Except that this time it is a lot less easy to accept the military coup as a form of positive intervention. Even if Abdellahi was corrupt and ineffectual, so much symbolic capital has been spent on legitimizing the previous coup as democratic that justifying this one will be difficult. The suspension of foreign aid by the US, and probably soon the EU, are one sign that things are different. One thing that is important to remember is that the people behind the coup are not only the same ones as in 2005, but that they were also part of the ruling elite under the previous president, Ould Taya. One might even say that they are the same people who’ve been ruling for decades, more or less. It now seems that the legitimacy the 2005 coup has gone to their heads, and that they think they can intervene every time there’s been a hiccup. So even while Mauritania was given an unlikely veneer of democracy, the army remained capable and willing to intervene at any point rather than let politicians (no matter how inadequately) resolve their problems among themselves.
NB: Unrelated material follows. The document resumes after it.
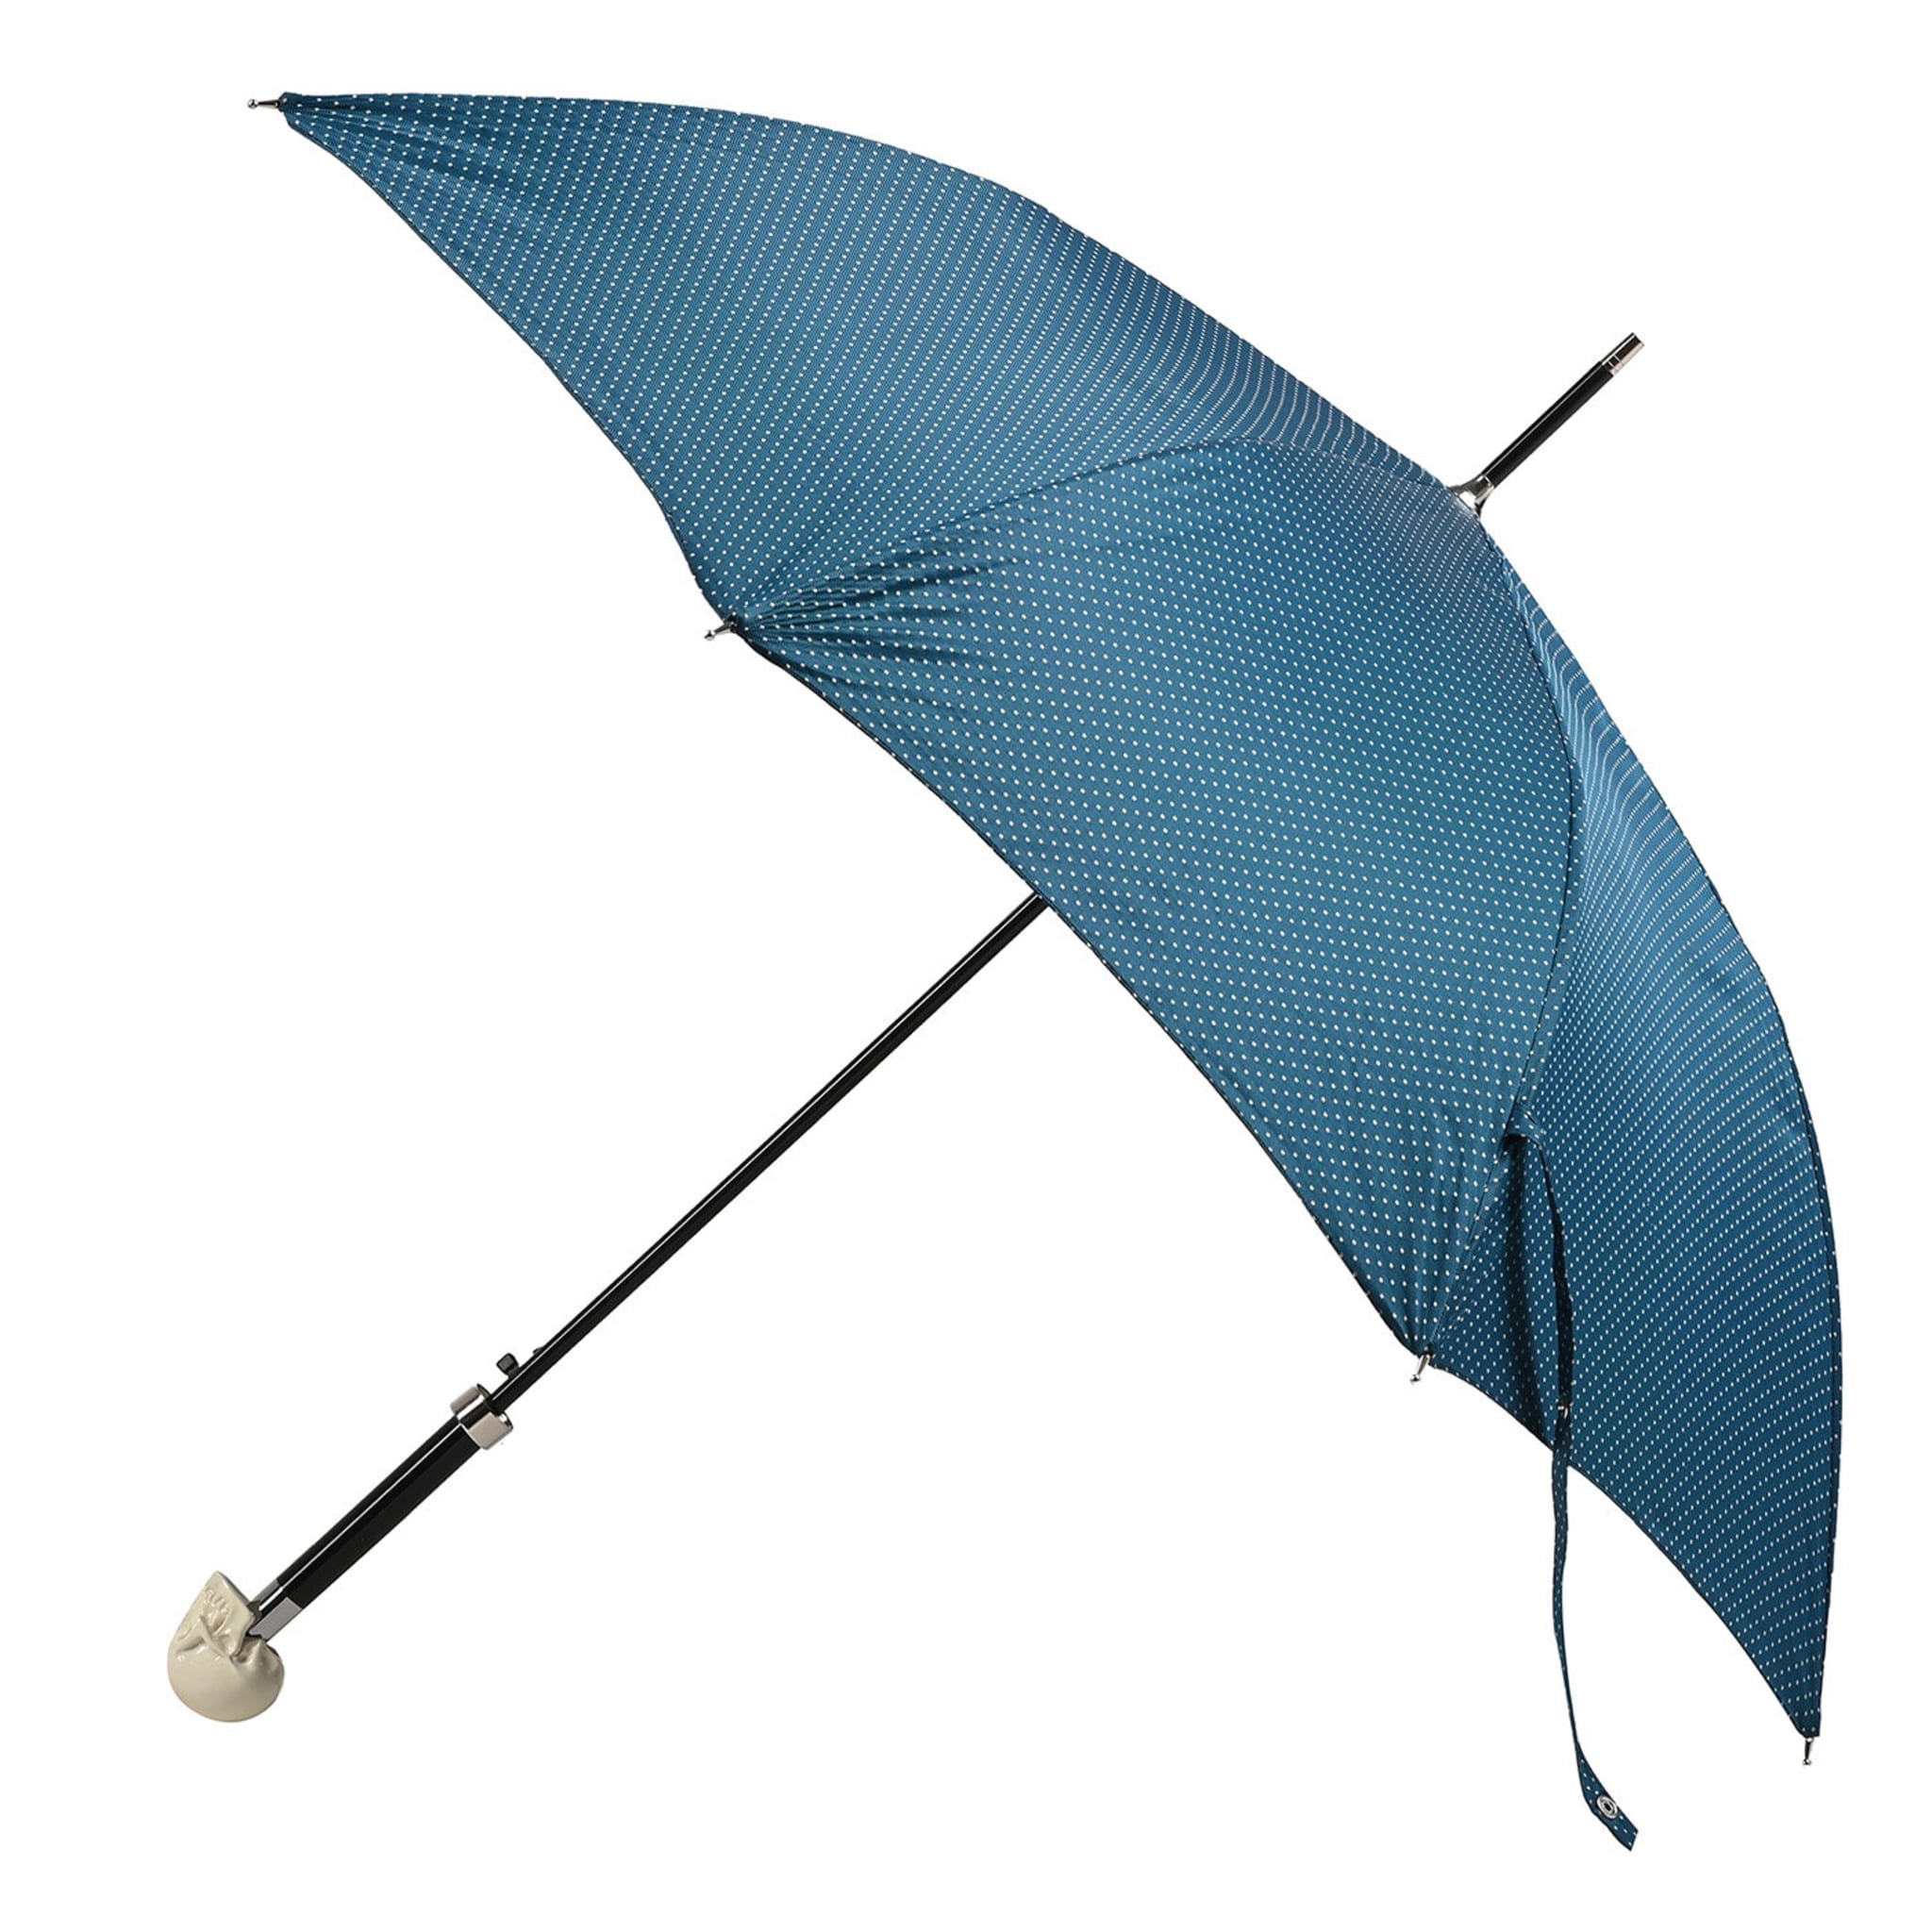 Blaugrüner und weiß gepunkteter Regenschirm mit fluoreszierendem Totenkopf-Griff - Hauptansicht

Abdellahi could have been ousted by constitutional means, and chances are that if he had not taken the ill-considered move of sacking the military’s top brass (presumably to replace them with allies) he would have lost his post one way or another.


 


In the meantime, should they want to become more robustly democratic, Mauritanians need a military with less itchy trigger-fingers, new mechanisms to defuse political crises (and, realistically, prevent politicians from too arbitrarily interfering in military affairs). But it would also help if Mauritania’s neighbors (who have been very silent on all this), its distant backers like Saudi Arabia, France or the US, and the international community more generally were to coax the military junta into a deal whereby Abdellahi is restored to power in return for the cancellation of his order sacking the generals. Then, Mauritania’s politicians can decide for themselves whether they should relieve Abdellahi or call for fresh presidential elections.


 


For the rest of the Arab world, there is the usual perplexing scene of illegitimately elected autocrats and monarchs-for-life voicing their concerns for democracy. Perhaps they are secretly rejoicing that dirt-poor, peripheral Mauritania has not turned out to be as democratic as everyone thought and that the sarcastic columns penned by the likes of Fahmy Howeidy, who in 2005 wondered whether “the Mauritanian option” was the solution to the Arab political predicament, will no longer appear.